We wonder how many of our readers fully appreciated the significance of that plank in our municipal programme [1] which demands the free maintenance of children at School. In no item of the Socialist programme are the economic and humanitarian aspects of the movement so closely blended, and none are so much required in the interest of future generations. For the misery and oppression under which the adults of this generation suffer, they have themselves largely to blame as much of it is immediately removable, and all of it could be abolished by a concerted effort on the part of its victims. But the children who suffer most from this inhuman social system; who are stunted in growth, physically and intellectually; who are dragged up, for the most part, in tenement houses which ever tend to become veritable cesspools of crime and degradation; who are shut out by the poverty of their parents from every avenue of enlightenment, and who find their whole lives warped and distorted by the evil conditions surrounding their infancy; their claim for consideration is superior to all political exigencies, and ought to be pressed forward with all the energy we possess.

It may be urged against such a demand that it introduces the public power of the community into a sphere from which it ought to be excluded – the home. But this is an argument which cannot be seriously entertained when we consider the many and varied inroads upon private life which the power of the State has already made, and in which such public intervention has proven to be in the highest degree beneficent. The individual can no longer use his property as he pleases, even when that property is in inanimate things, but when property takes the form of human beings, as children, the ‘rights’ of the individual are circumscribed and limited in the most thorough manner. And what sane man to-day would venture to assert that the right of parents to do as they like with their children – a right which all too often took the form of brutal maltreatment and systematic starvation – was more compatible with public welfare, or private morality, than the supervision enforced by the State at present. And as the right of the individual to maltreat his children has been suppressed in the interest of the children, should not the social maltreatment of the children which follows as a result of the enforced poverty of the parents also be suppressed? If it is right that parents should not be allowed to sentence their children to corporal punishment of a severe character, or to curtail their supply of food below what is necessary for their subsistence, is it not also right that Society which, through its faulty economic organisation, sentences the parents themselves to a lifetime of drudgery and ill-requited toil, should use its power to provide the children of the poor it has created with sufficient of the necessaries of life to allow of their proper development into capable, self-respecting men and women? It is said this would encourage drunkards and loafers to neglect their children. But the children of such people are neglected now, and the maintenance of their children out of public funds could not increase such neglect, but would only save the helpless little ones from its consequences. Why should children suffer, even if the parents are criminal and indolent?
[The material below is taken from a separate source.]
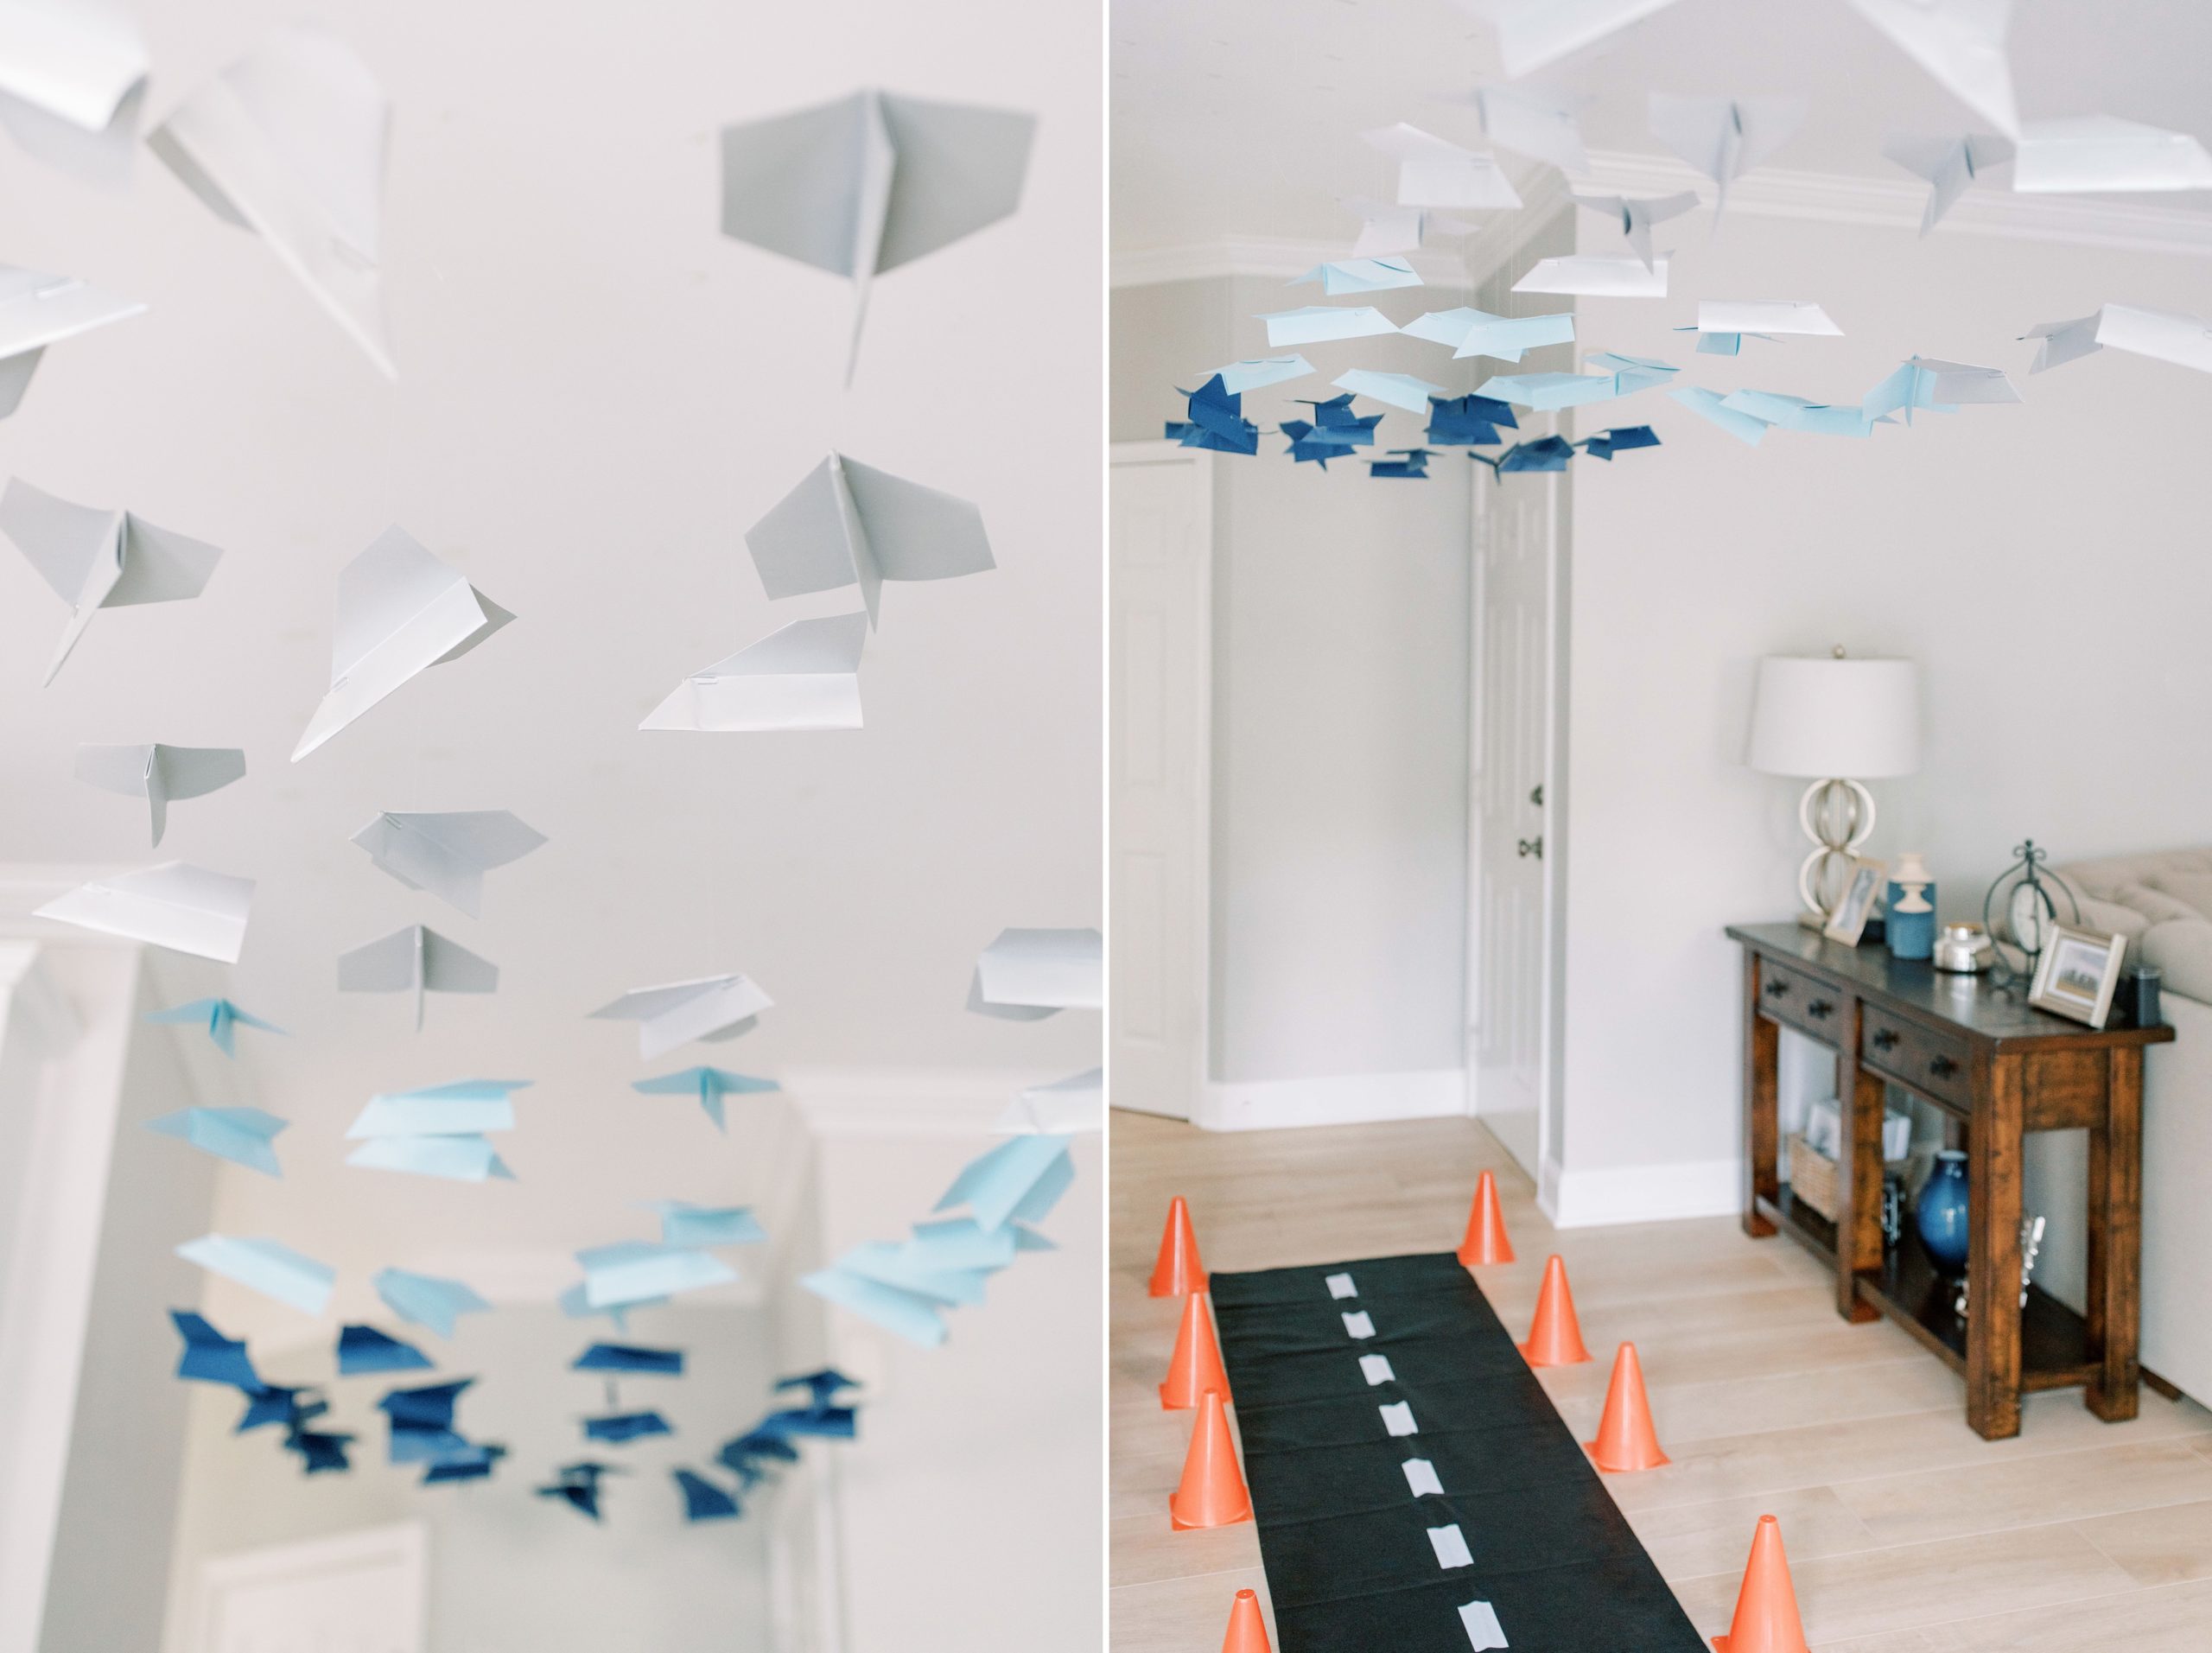 Hanging Paper Airplanes for Around the World Party

Society owes a duty to these children – they are the citizens of the future; as their childhood is made happy and healthful, and therefore truly susceptible of receiving education, so will their manhood and womanhood tend to become; so will the civilization they mould be worthy of an enlightened people. Therefore, we repeat, the Free Maintenance of the Children is a most important item to be fought for, and we look to see the revolutionary working class making this demand a prominent feature in its future agitation – resolved that capitalist society, which starved and stunted our childhood, and debases and exploits our manhood, shall, at least, be compelled to take its clutches off the lives of our children and leave the rising generation physically and mentally capable of accomplishing the glorious task of social reconstruction now awaiting it.

 

Note

1. The programme put forward by the ISRP in local elections.